■ **Work request**:
Exactly reproduce the lines from the one containing "Dibwa Koze logo" through the last line of the data, both ends included, leaving out pictures.

■ **Dataset records**:
++++++
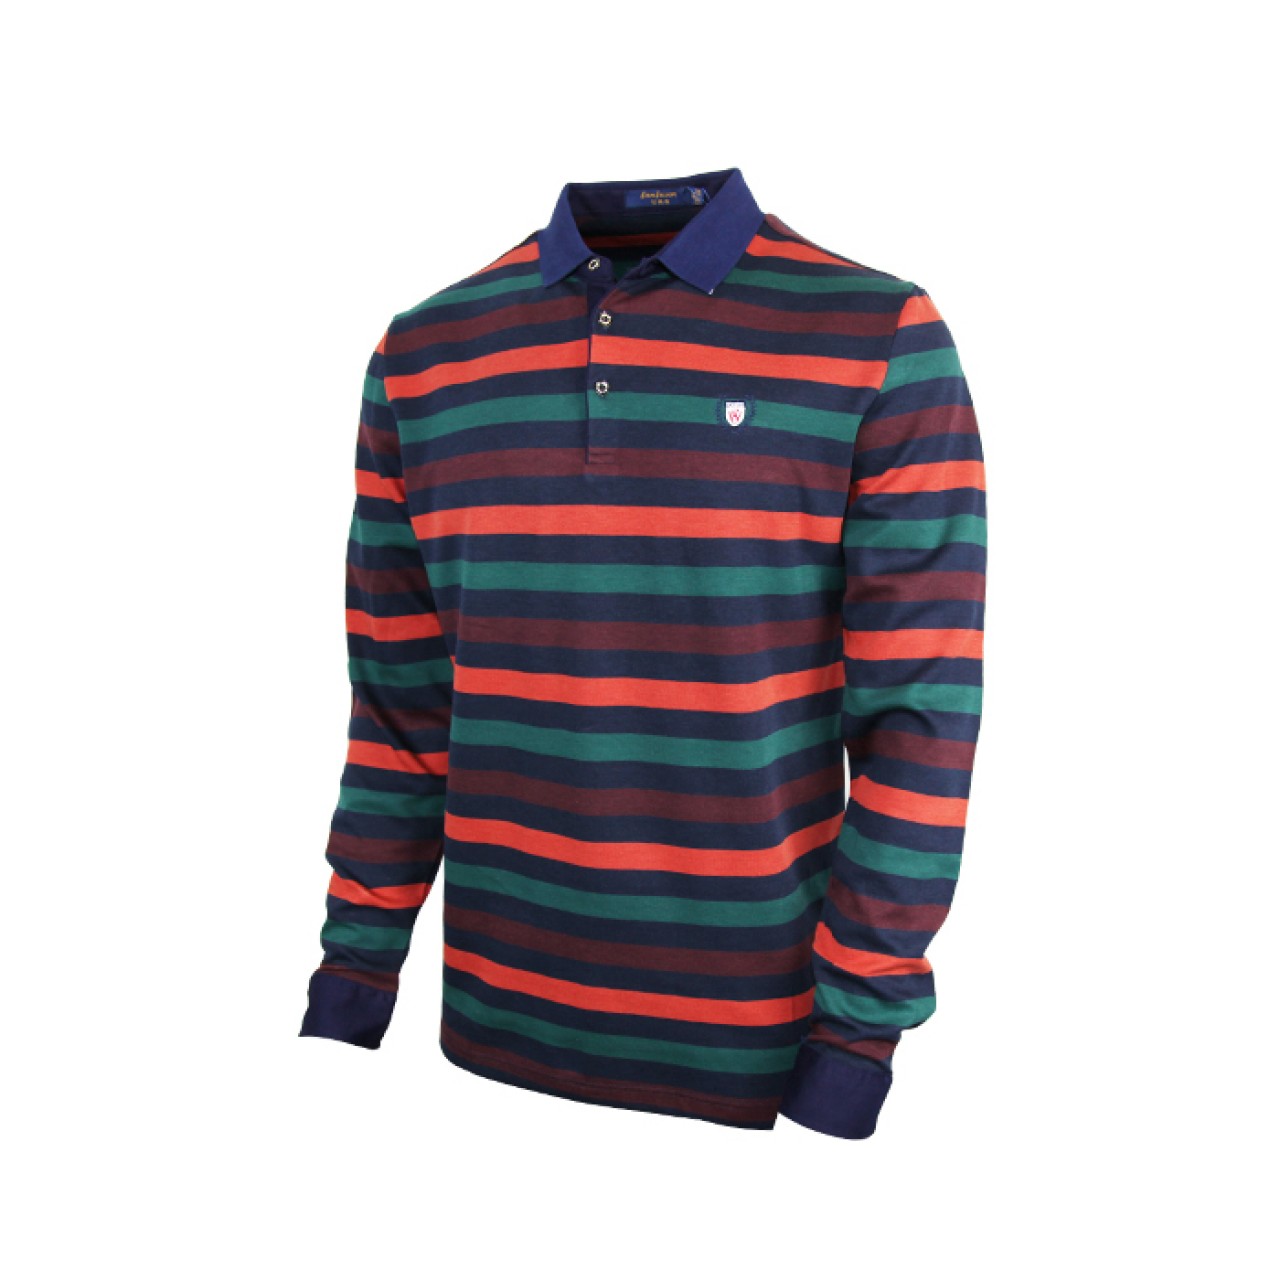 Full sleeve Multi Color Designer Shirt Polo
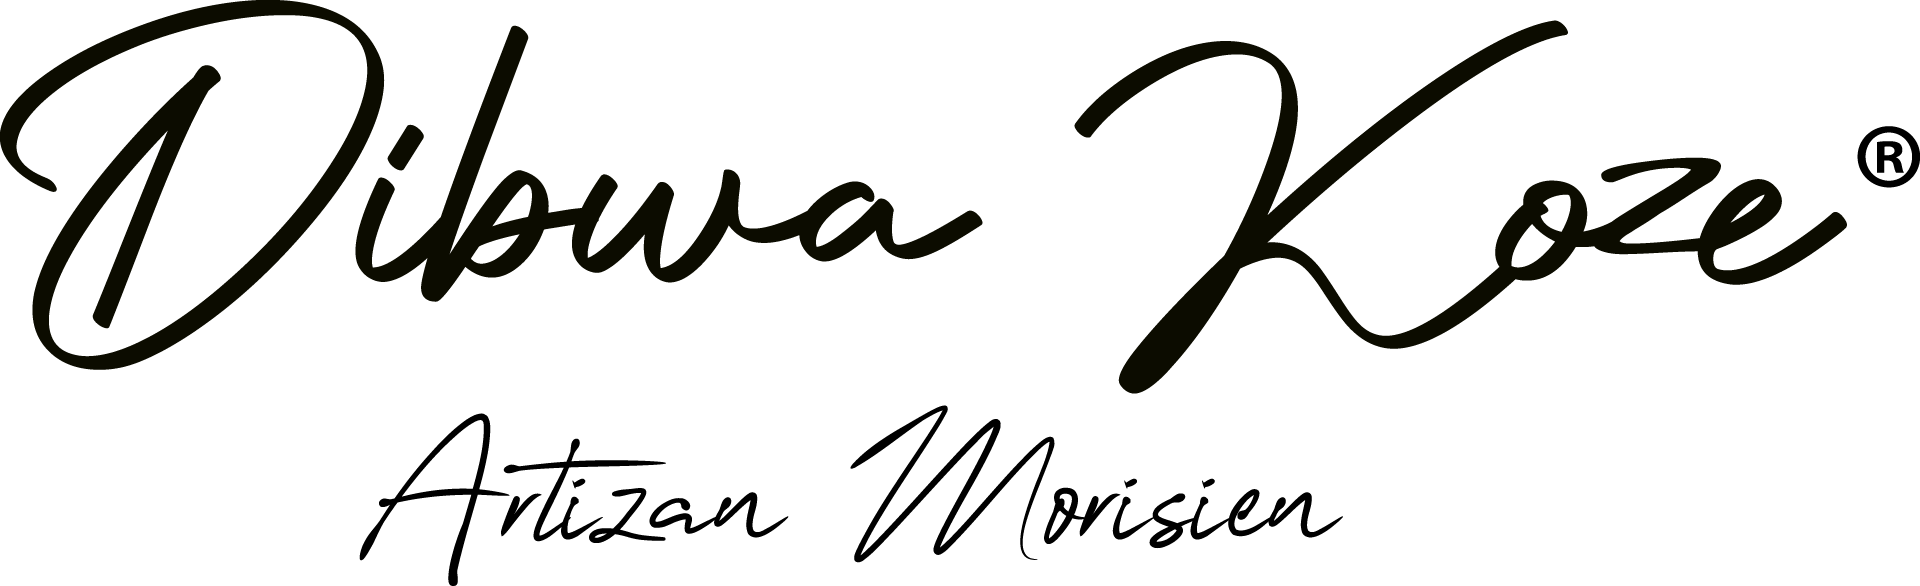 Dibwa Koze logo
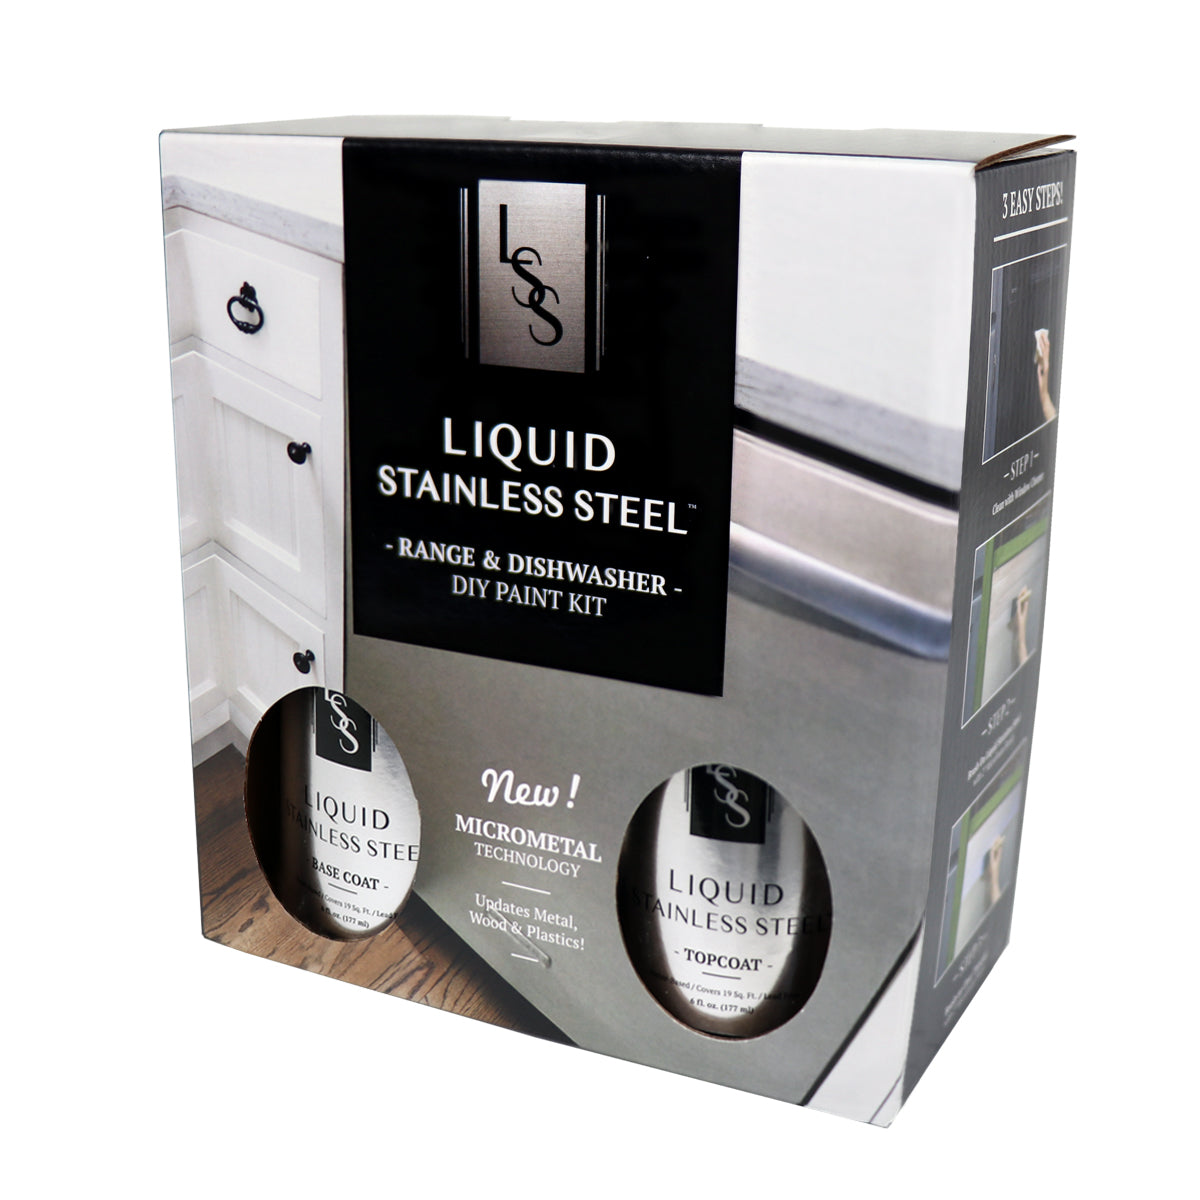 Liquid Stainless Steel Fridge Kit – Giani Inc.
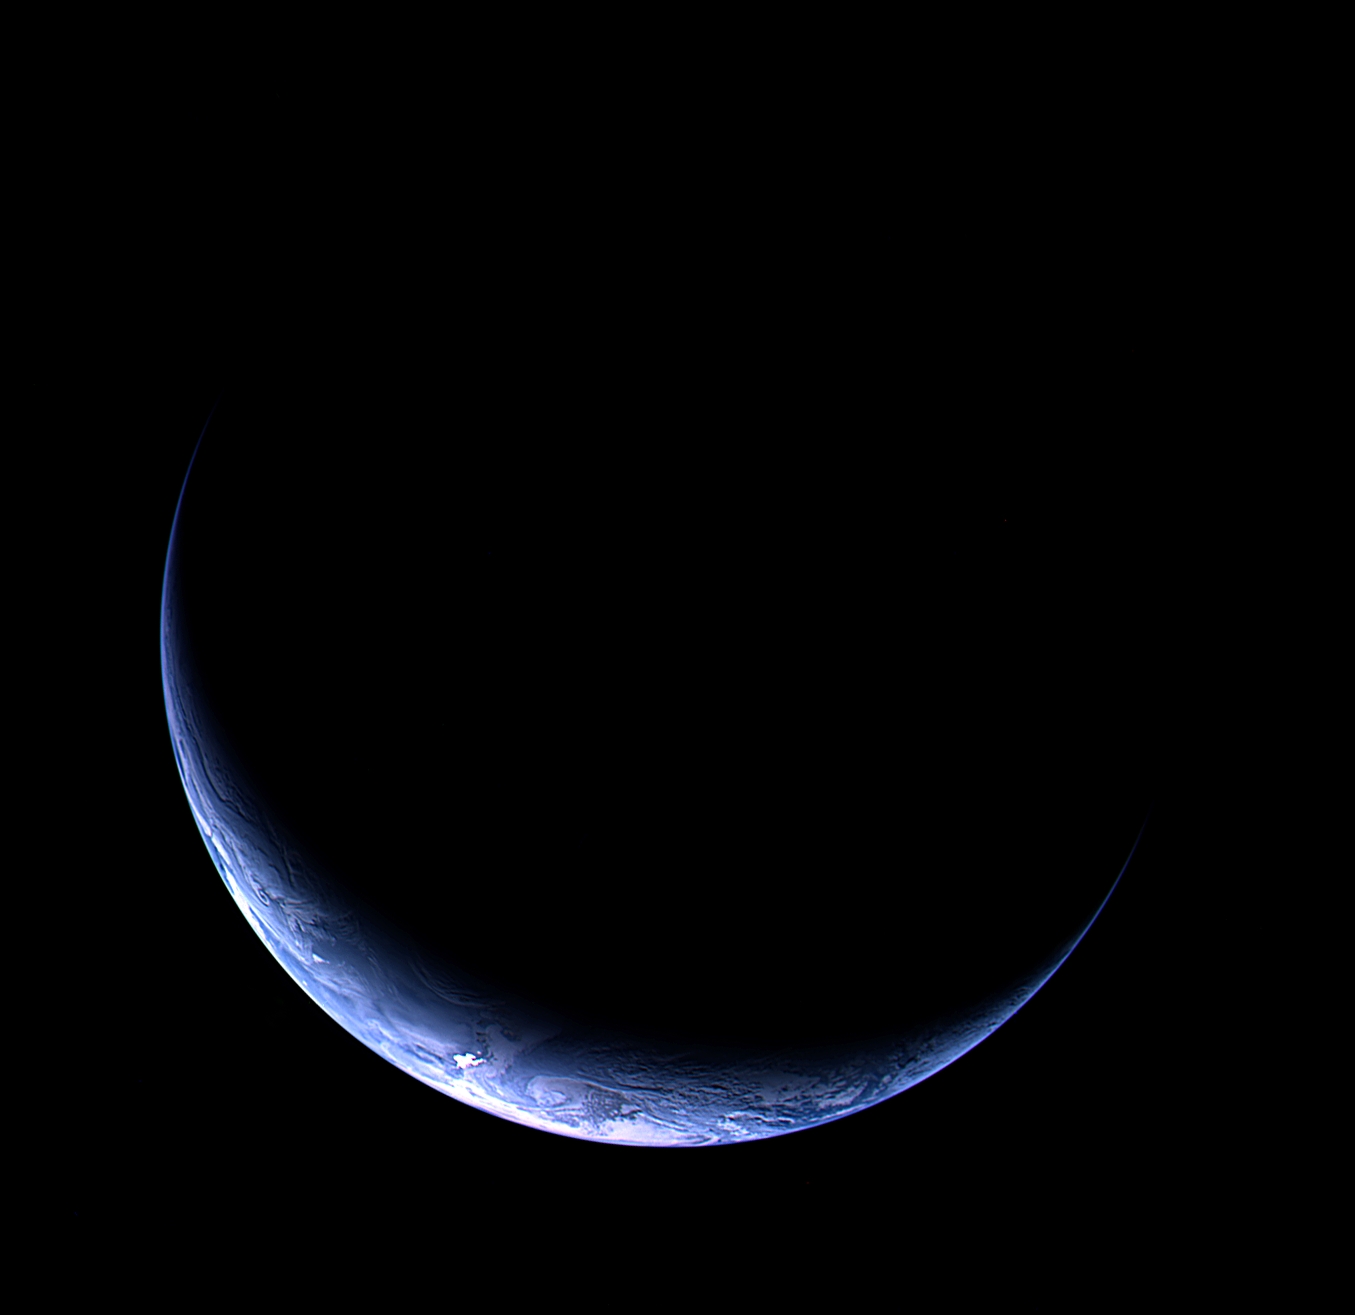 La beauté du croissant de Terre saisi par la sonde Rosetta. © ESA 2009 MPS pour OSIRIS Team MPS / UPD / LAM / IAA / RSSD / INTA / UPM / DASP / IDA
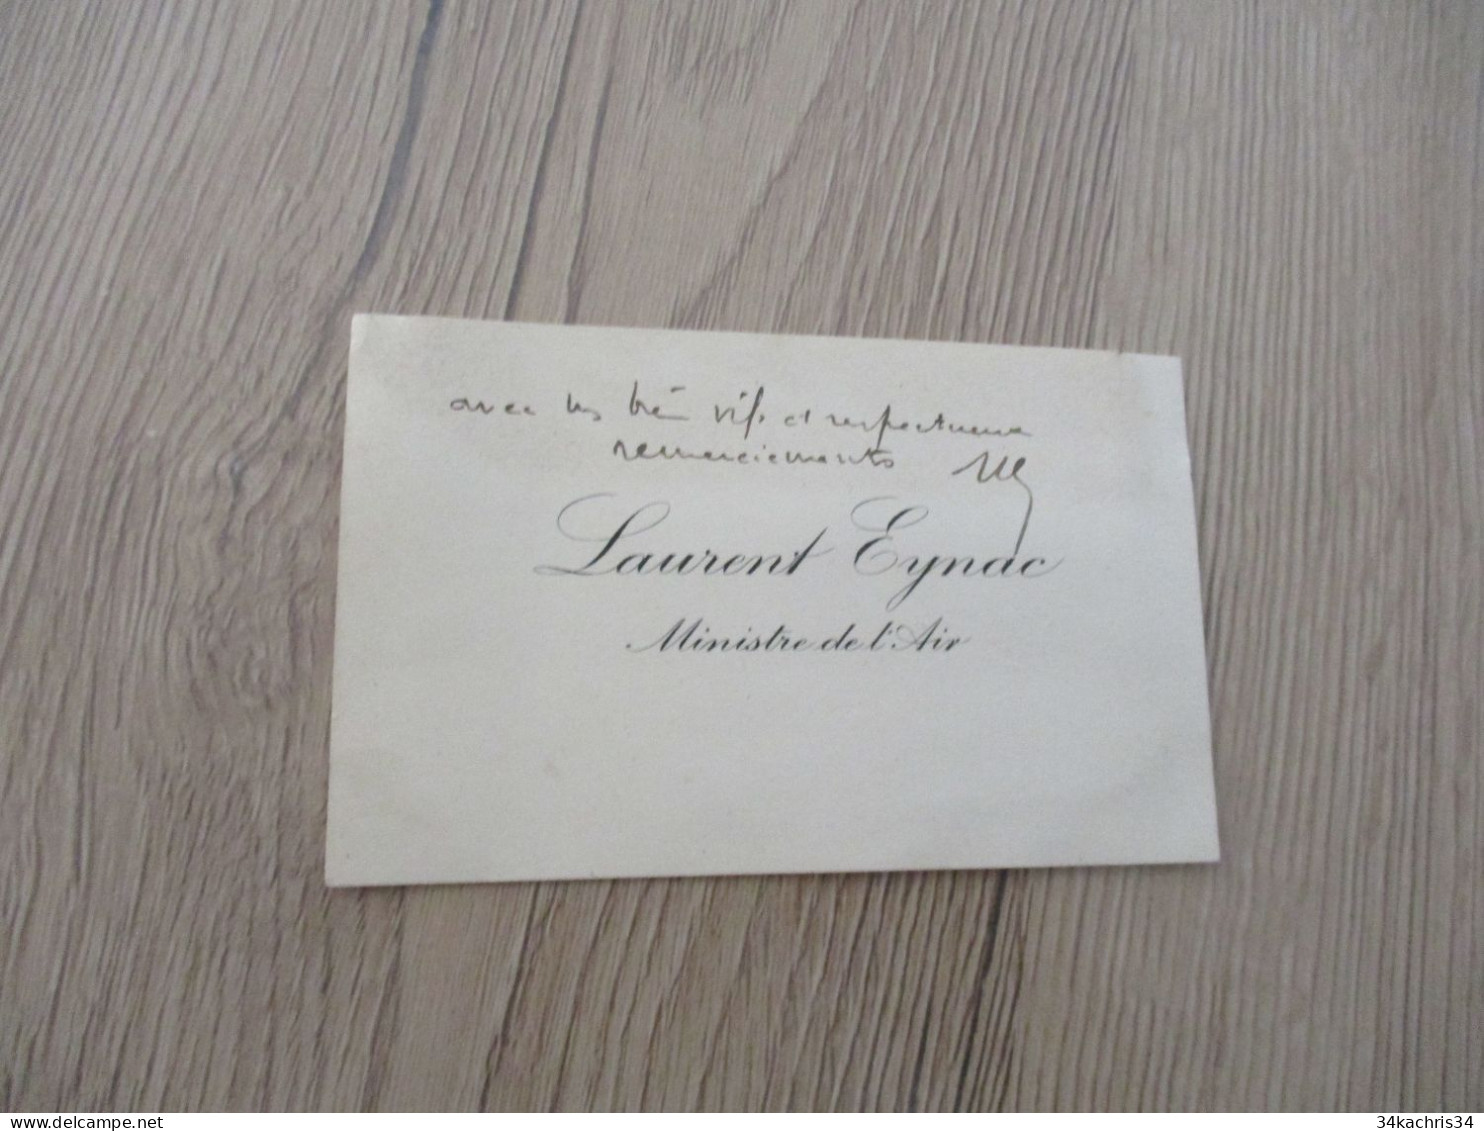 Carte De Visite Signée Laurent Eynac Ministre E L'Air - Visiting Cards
++++++
■ **Exercise response**:
 Dibwa Koze logo
 Liquid Stainless Steel Fridge Kit – Giani Inc.
 La beauté du croissant de Terre saisi par la sonde Rosetta. © ESA 2009 MPS pour OSIRIS Team MPS / UPD / LAM / IAA / RSSD / INTA / UPM / DASP / IDA
 Carte De Visite Signée Laurent Eynac Ministre E L'Air - Visiting Cards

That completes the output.